I am throttling a scroll event like so:

window.addEventListener('scroll', throttle(() => {
    console.log('scroll event triggered with throttle');
}, 150));

Because I do not want the scroll event to trigger 100's of times per second when somebody scrolls I have throttled it with a lodash throttle function.

I have read up on numerous articles which talk about doing this for obvious performance reasons but none talk about what kind of amount to set for the milliseconds on the throttle.

Of course this might depend on the use case and what code actually gets executed within the throttle. In my case I am doing a viewport check to see if something is still within the viewport.

How would you try and find a suitable amount for the milliseconds? Of course I would love to go as low as possible because it will fire an AJAX requests faster when it comes to an infinite scroll but I also do not want to cause performance issues.

It is hard testing this on a high-end desktop because I will probably never run into performance issues.

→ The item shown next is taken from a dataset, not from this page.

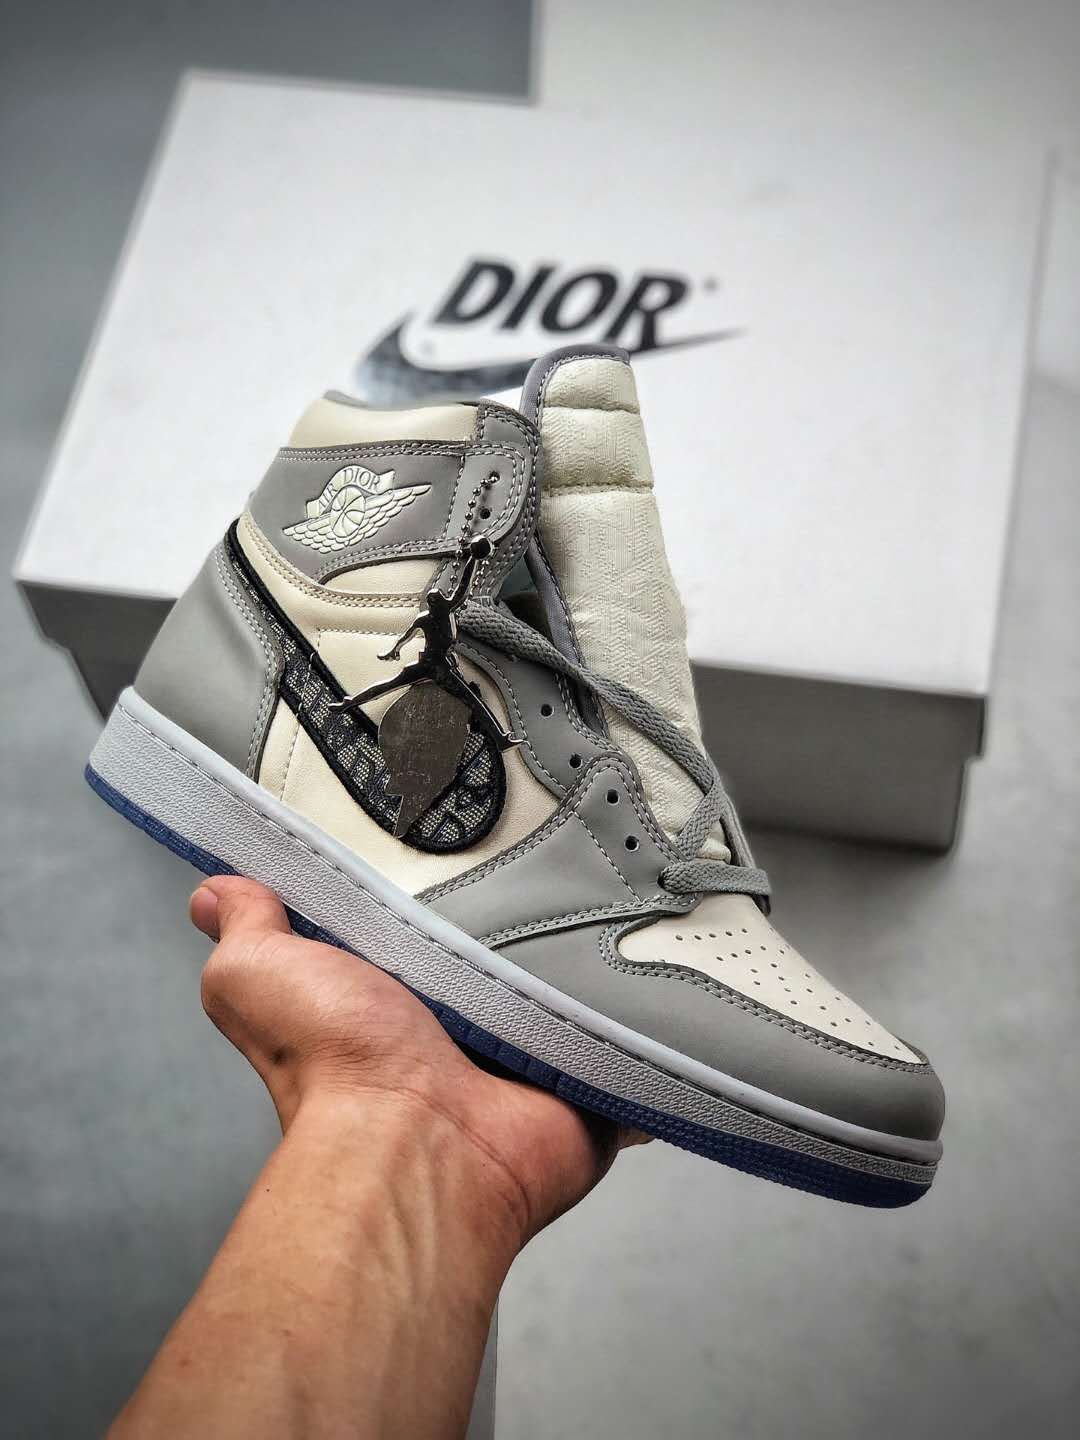 Nike Dior x Air Jordan 1 High OG Grey - Limited Edition Collaboration!

A pretty broad question but I would love to know (preferably in chrome) if this can be profiled for worst case scenarios.

I your case I suggest you to use IntersectionObserver . There still will be performance considerations, but if you only want to check that content is visible, it is relatively fast operation - observer will give you this information on IntersectionObserverEntry .

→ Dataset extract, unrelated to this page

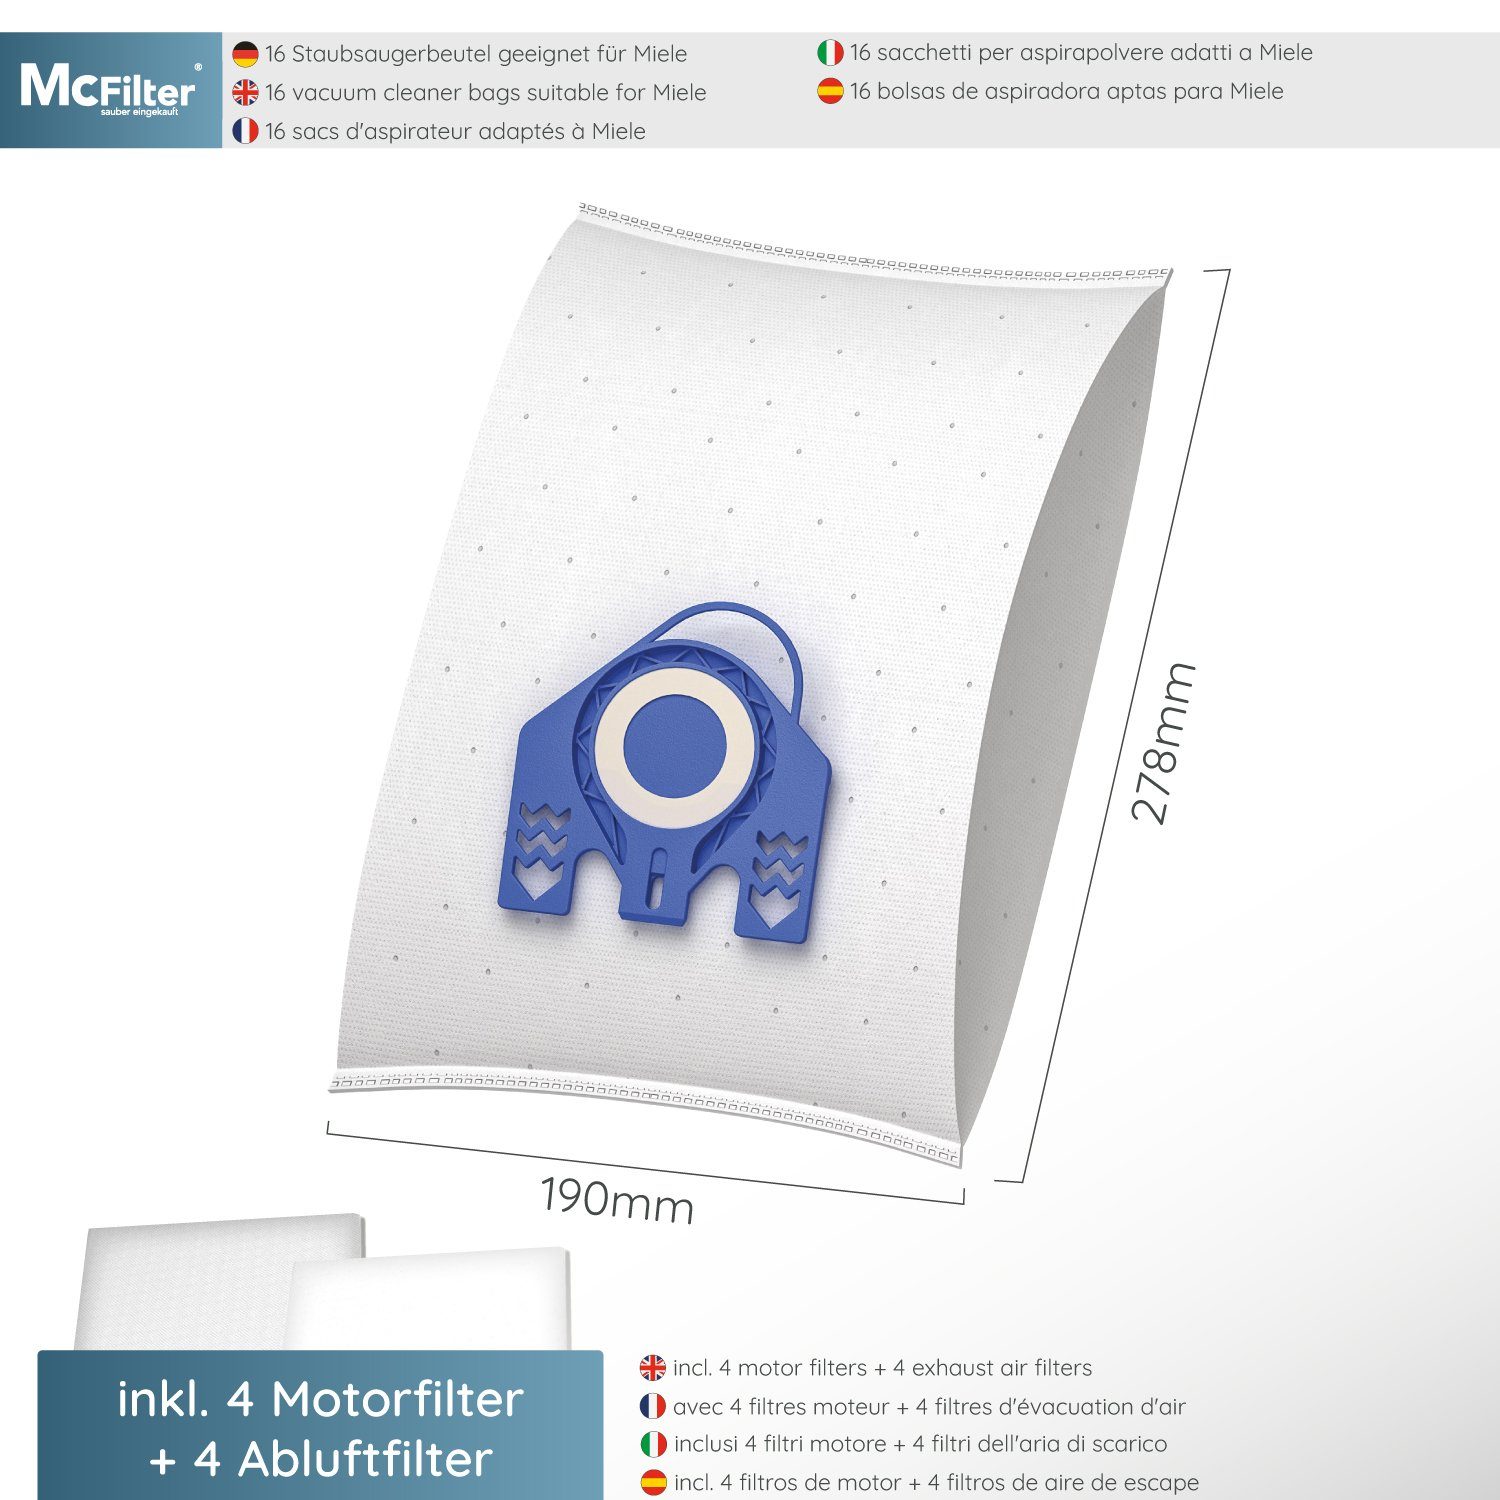 McFilter Staubsaugerbeutel (16+8), Miele >MAXI C1 Top BOX< St., Classic passend zu für 16 8 10408410 Serie Miele wie Alternative Ecoline Staubsauger, 9917730, inkl. Filter

When doing some animations, try to target your animations frame rate of 60fps (one frame per 16ms) and use. If you want to handle orientation change or resize, I'd suggest delay of 450ms (empirically counted duration of orientation change on iPad which in our experiments was largest value of all devices tested).

As for testing, chromium based browsers allow you to throttle CPU: 在此处输入图片说明

I'm not sure if it is available in other browsers.

In any case it might be a good idea to postpone code execution with requestAnumationFrame (for animations) or requestIdleCallback (for computations). It will help to avoid bottlenecks to some degree.